Step 1 :Given the quadratic equation \(x^2 + 7x - 3 = 0\), we can use the quadratic formula to find the exact solutions:

Step 2 :\(x = \frac{-b \pm \sqrt{b^2 - 4ac}}{2a}\)

Step 3 :Here, \(a = 1\), \(b = 7\), and \(c = -3\).

Step 4 :Calculate the discriminant: \(\Delta = b^2 - 4ac = 7^2 - 4(1)(-3) = 61\)

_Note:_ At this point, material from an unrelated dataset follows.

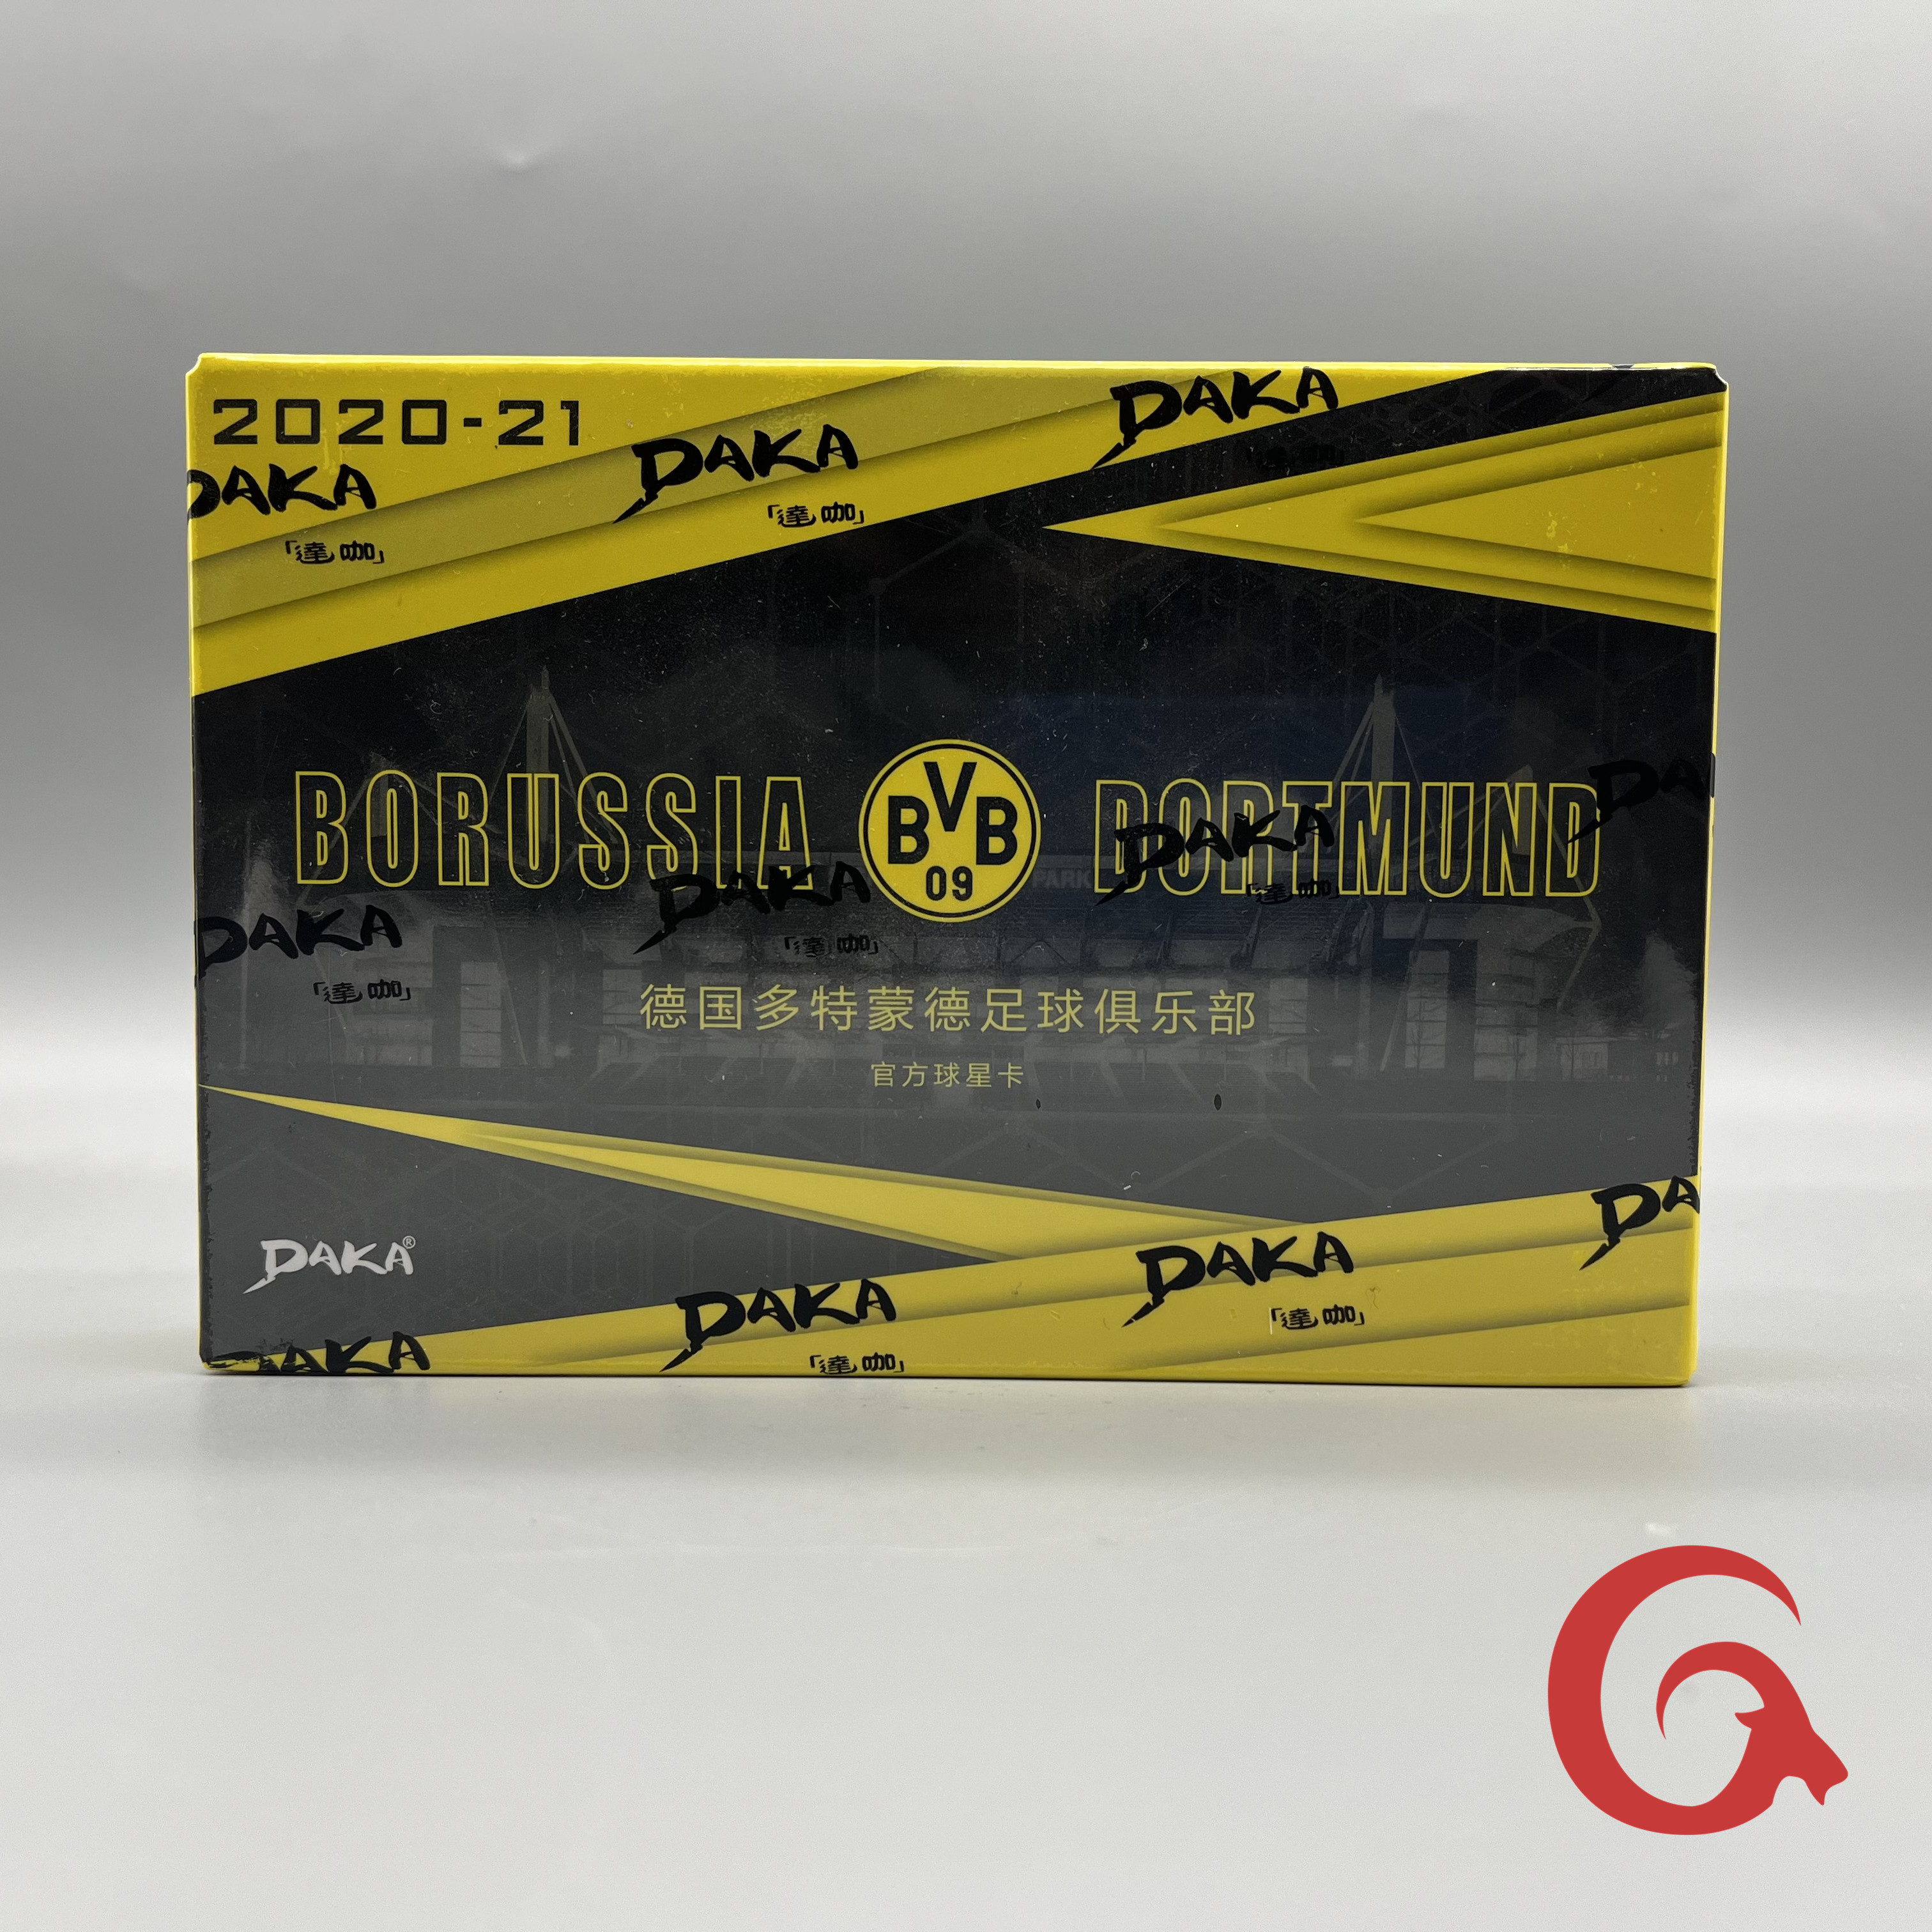 2020-21 DAKA 达咖 德国多特蒙德队盒 足球盒卡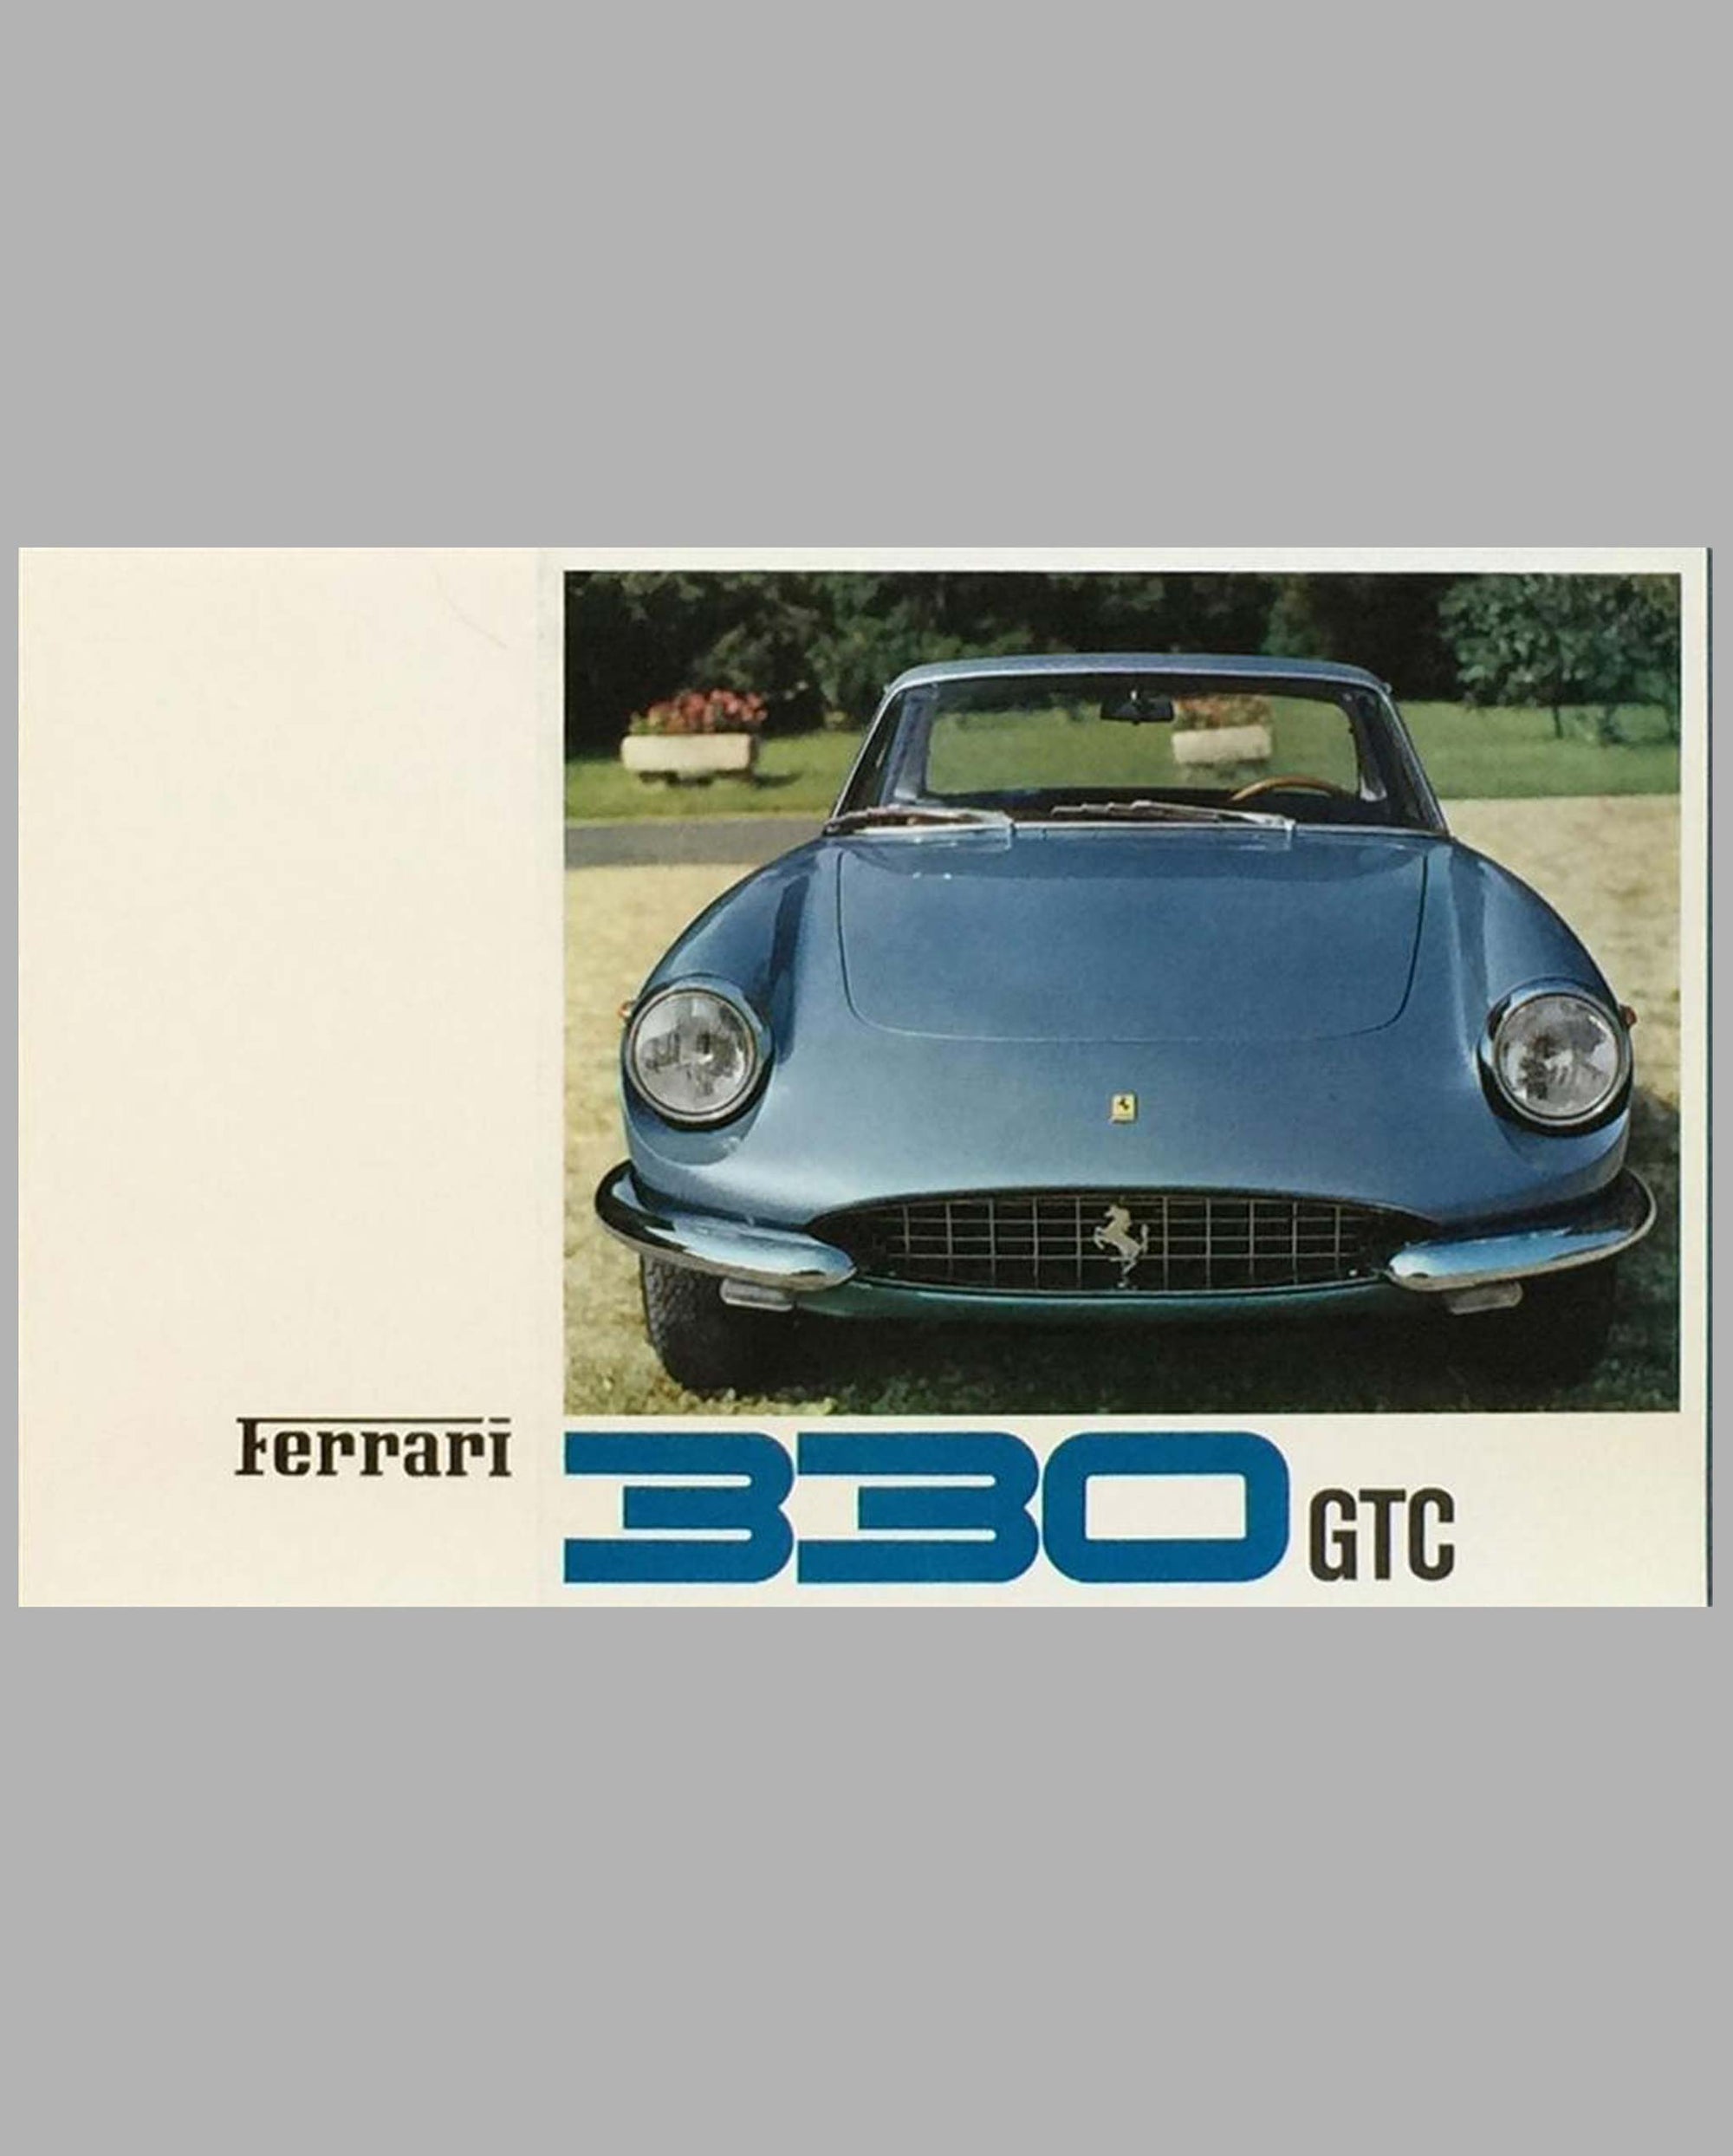 Ferrari 330 GTC original factory brochure

Step 5 :Plug the values into the quadratic formula: \(x = \frac{-7 \pm \sqrt{61}}{2}\)

Step 6 :The exact solutions are \(x = \frac{-7 + \sqrt{61}}{2}\) and \(x = \frac{-7 - \sqrt{61}}{2}\)

Step 7 :Approximate the solutions to three decimal places: \(x \approx 0.405\) and \(x \approx -7.405\)

Step 8 :\(\boxed{\text{Exact solutions: } x = \frac{-7 + \sqrt{61}}{2}, x = \frac{-7 - \sqrt{61}}{2}}\)

Step 9 :\(\boxed{\text{Approximate solutions: } x \approx 0.405, x \approx -7.405}\)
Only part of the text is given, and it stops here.